• _PROBLEM TO SOLVE_: Retype all of the listing exactly, passing over any picture you find.

• _DATA SECTION_:
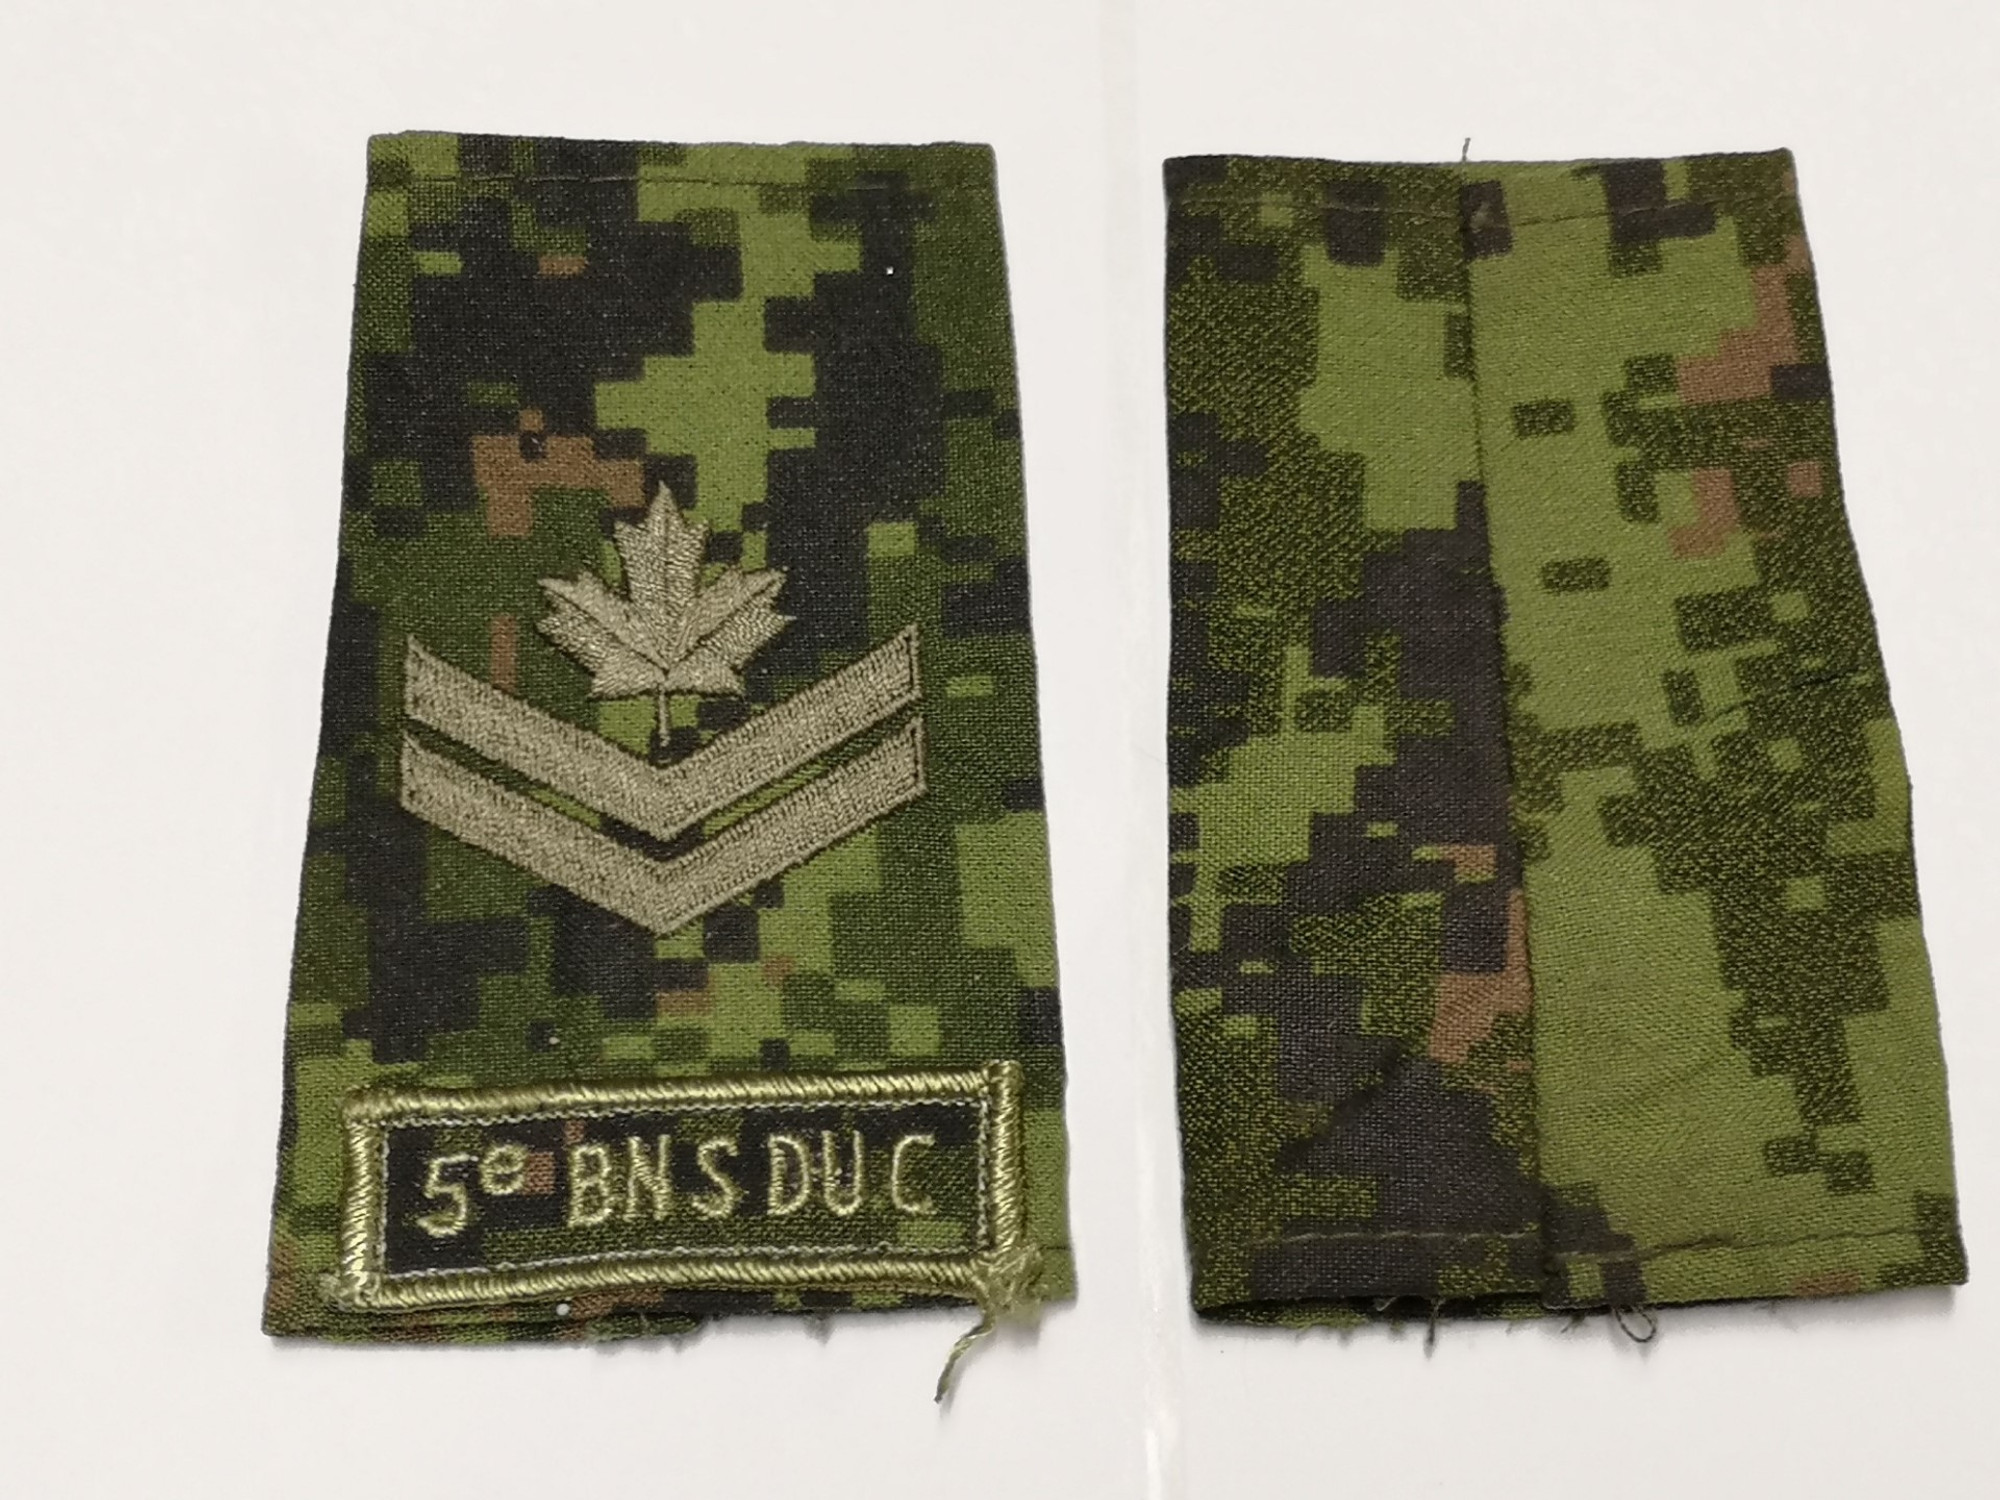 Canadian Armed Forces Cadpat Rank Epaulets 5e BN S DU C - Master Corporal (Army)
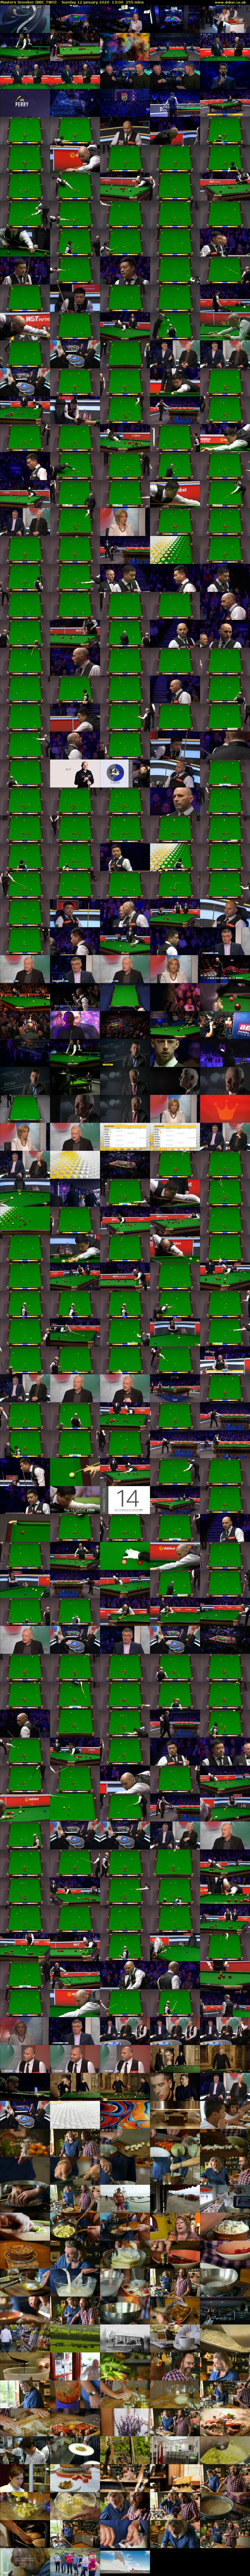 Masters Snooker (BBC TWO) Sunday 12 January 2020 13:00 - 17:15
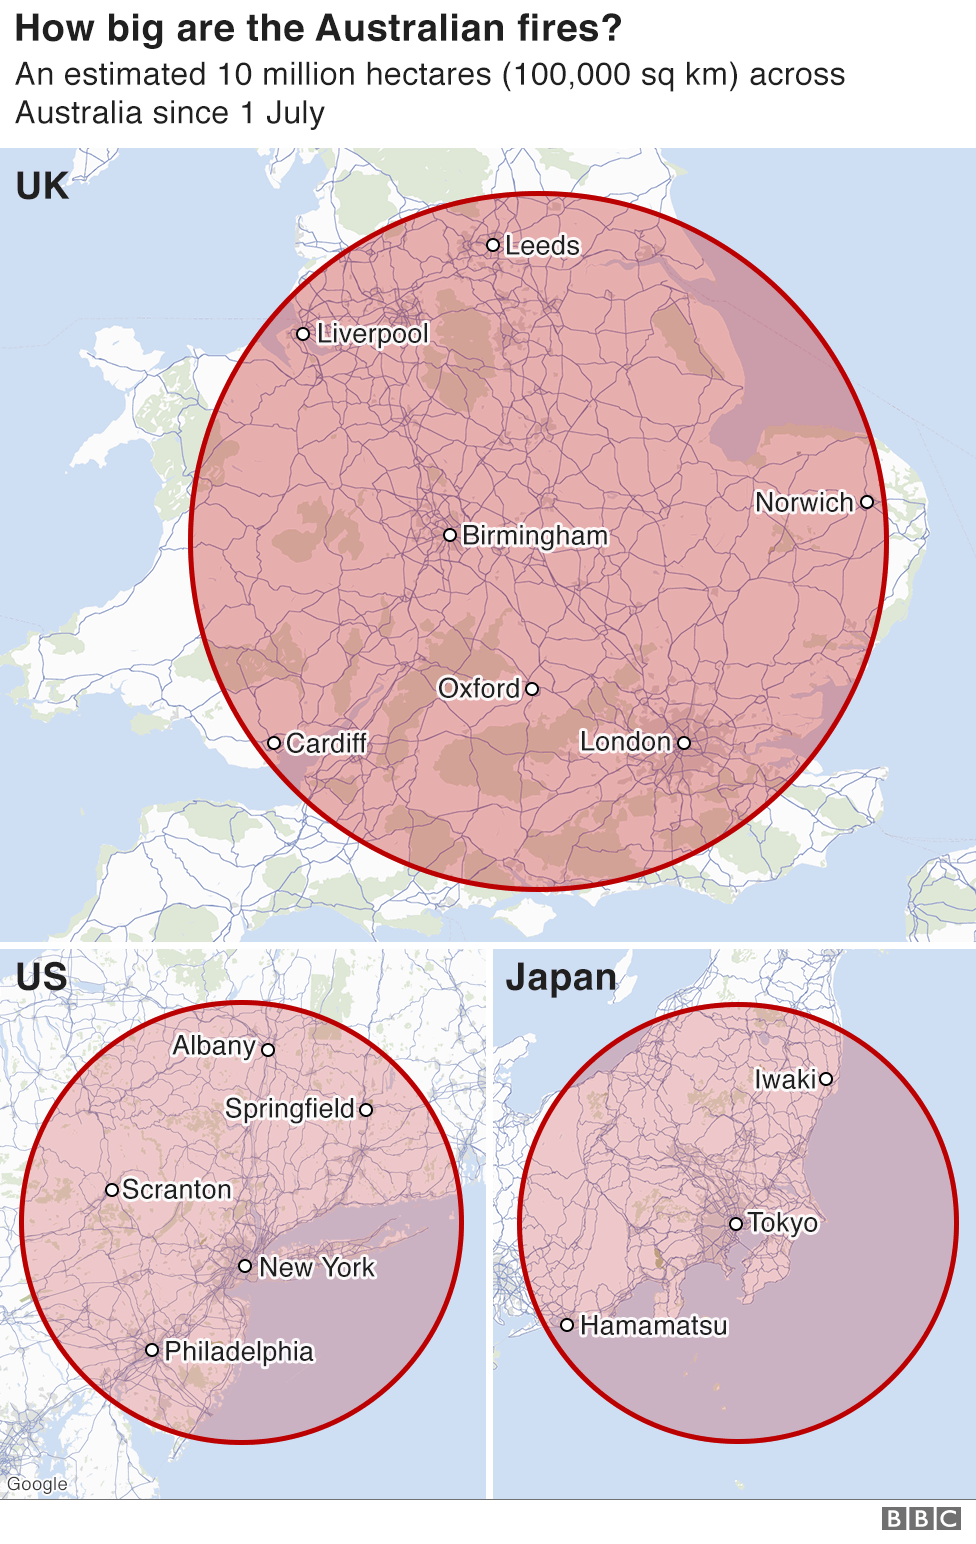 Infographic showing how big the fires are compared to the geography of the UK, the US and Japan

• _TASK OUTPUT_:
 Canadian Armed Forces Cadpat Rank Epaulets 5e BN S DU C - Master Corporal (Army)
 Masters Snooker (BBC TWO) Sunday 12 January 2020 13:00 - 17:15
 Infographic showing how big the fires are compared to the geography of the UK, the US and Japan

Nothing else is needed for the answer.